Studying neuropsychiatric illnesses with these technologies will enable BIDMC researchers to work toward developing a scalable smartphone tool to accurately and efficiently measure cognitive deficits and other factors associated with dementia. This approach is affordable and provides a multifaceted perspective of a patient’s cognitive abilities, capturing not only traditional testing metrics but also practical information.

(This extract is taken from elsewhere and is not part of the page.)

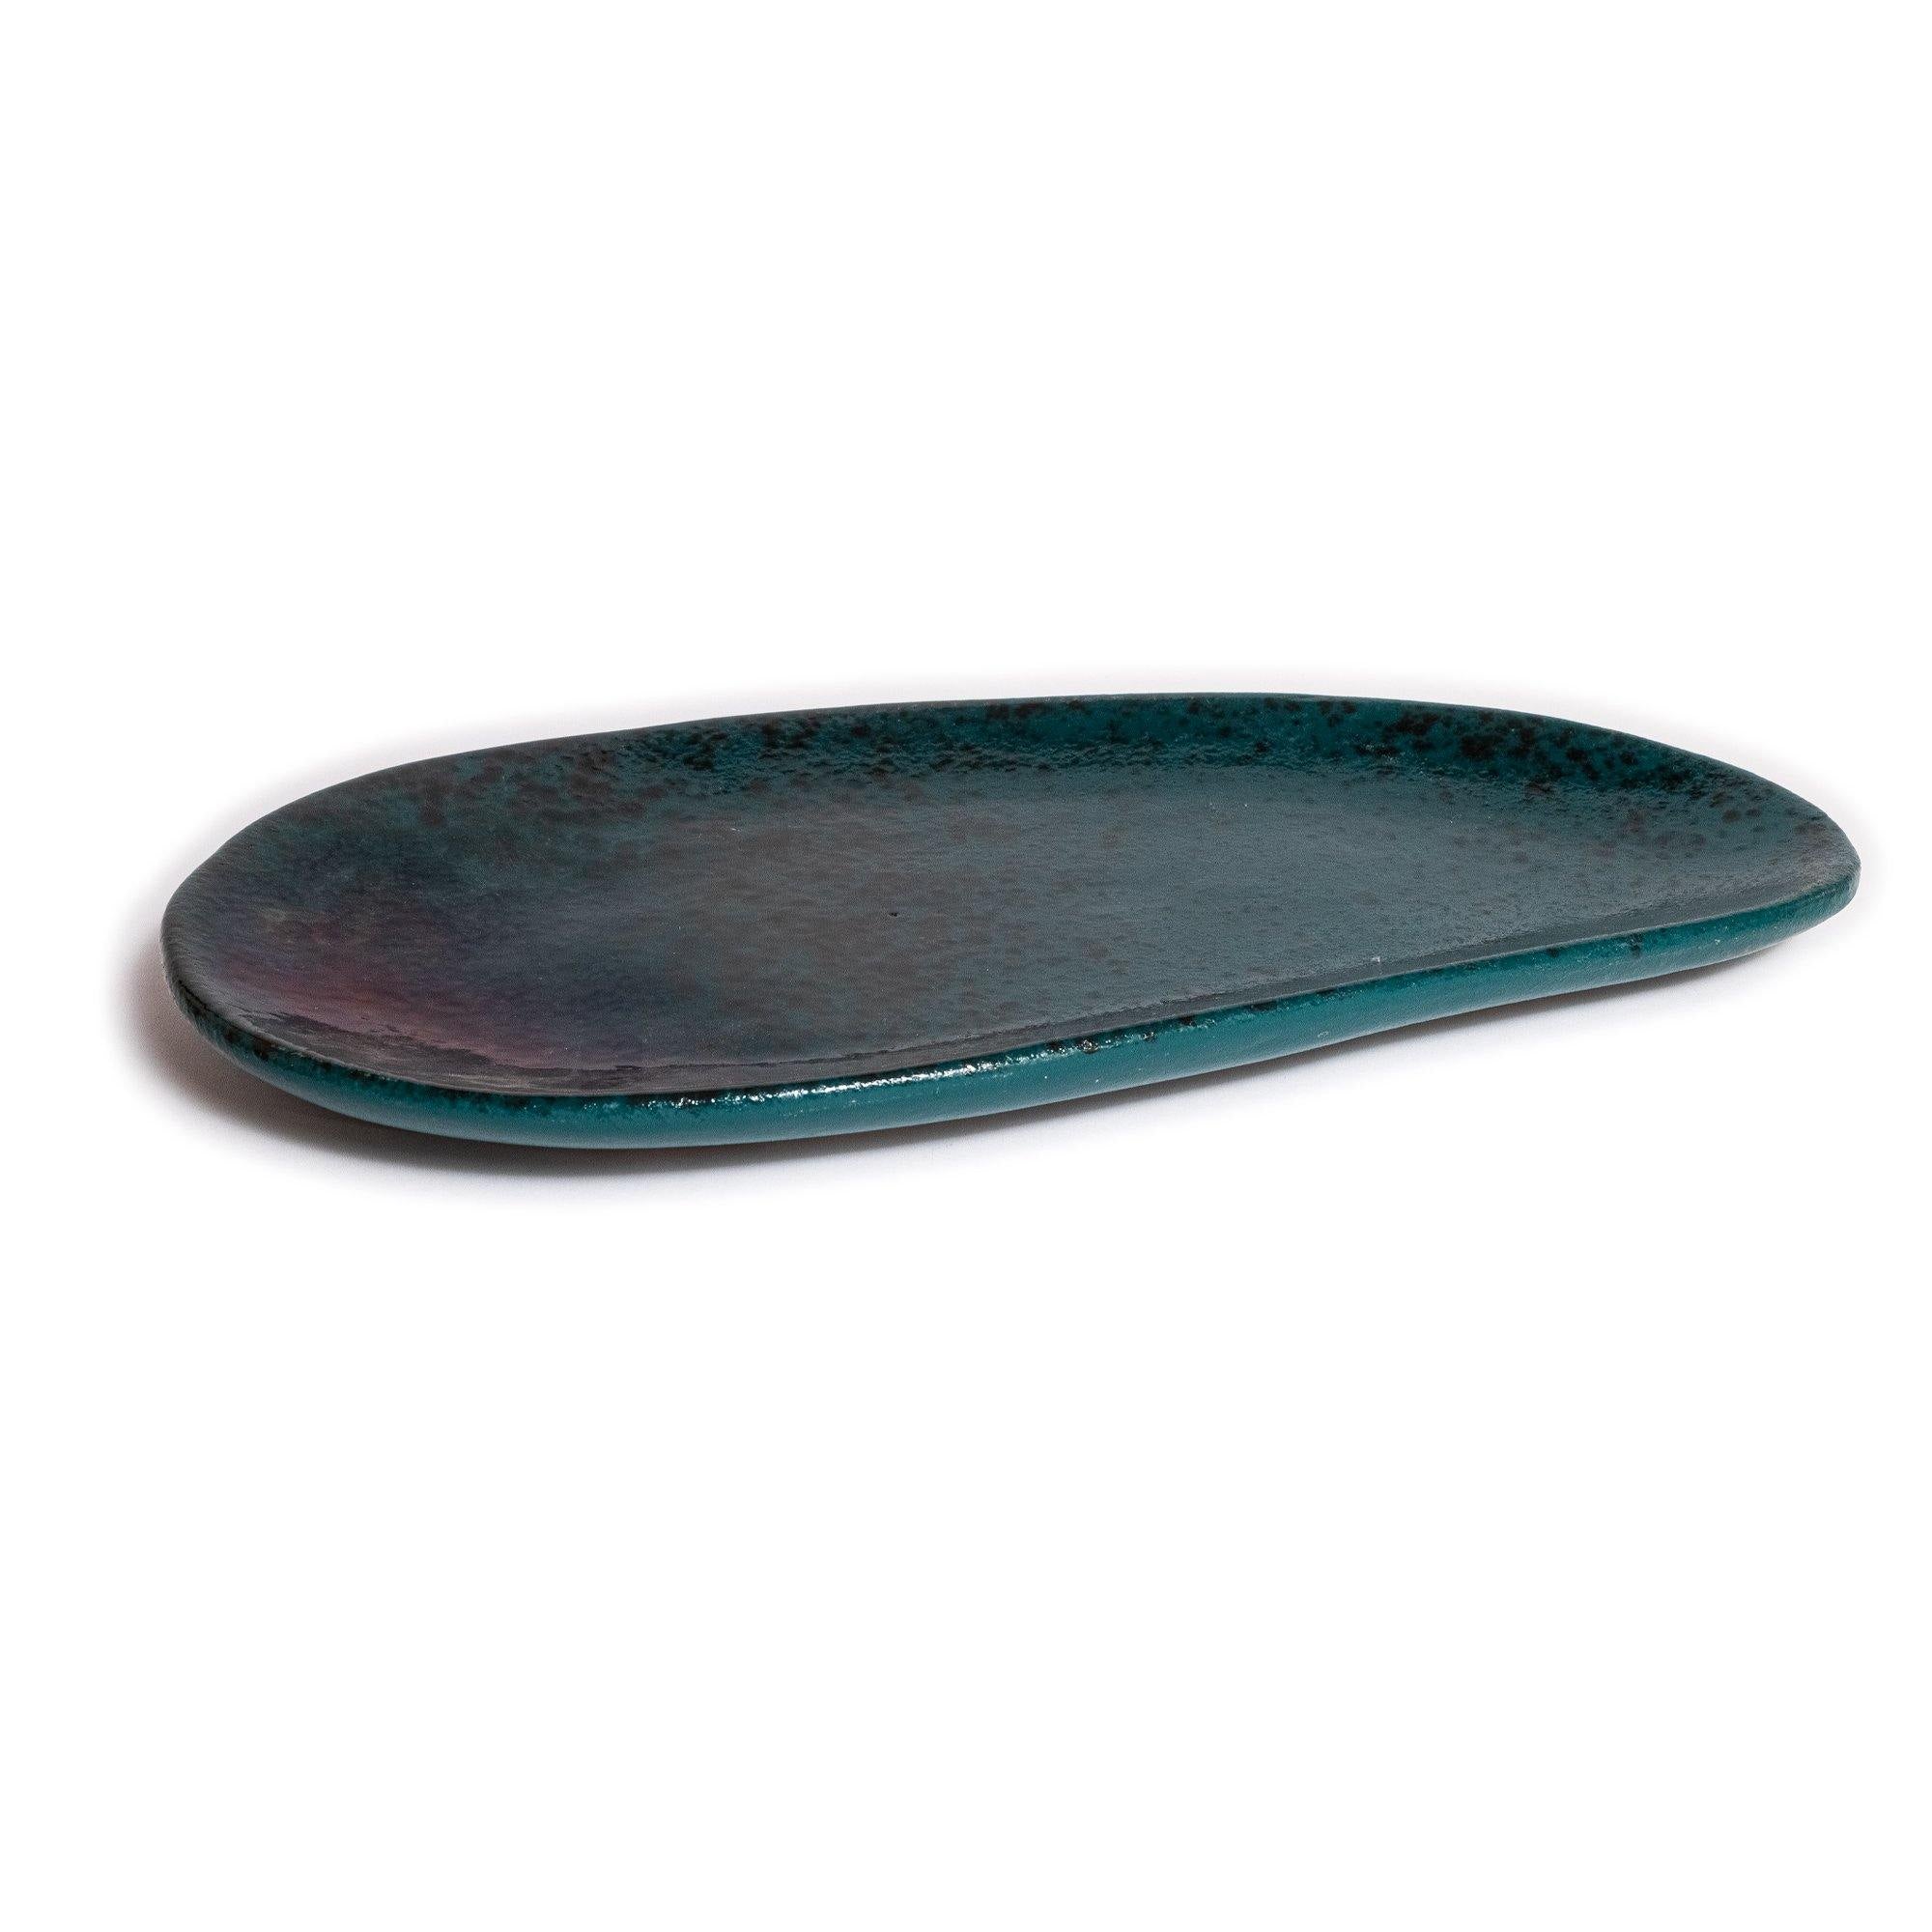 Copper And Teal Serving Tray - Chef May Shop

Implications for neurologists
New digital technologies will enable personalized neuropsychiatric testing that can be customized to each patient’s unique condition and abilities. These same digital technologies can also capture novel environmental data, including information on mobility, social connections, sleep patterns, and exercise. Linking the assessment and environmental data from these digital technologies will offer a new window into neurologic and behavioral manifestations. While machine learning algorithms may soon help spot early risk or warning signs, even today clinicians can learn much about how exercise, sleep, and activity influence clinical presentations.
Conclusion
This smartphone application collects active (cognitive tests) and passive (environmental surroundings) data. The results from the tests will be used to establish a database of performance results of patients who fall within the normal, MCI, AD, and non-AD categories of dementia in their personal, natural surroundings. The analyses will identify which tests best evaluate mental status. Patients will be scored on a scale based on their performance that reflects their level of cognition. Any redundant testing will be omitted. This information can provide insights that will help create an adaptive program that relies on the most efficient series of tests for identifying dementia and detecting decline over time.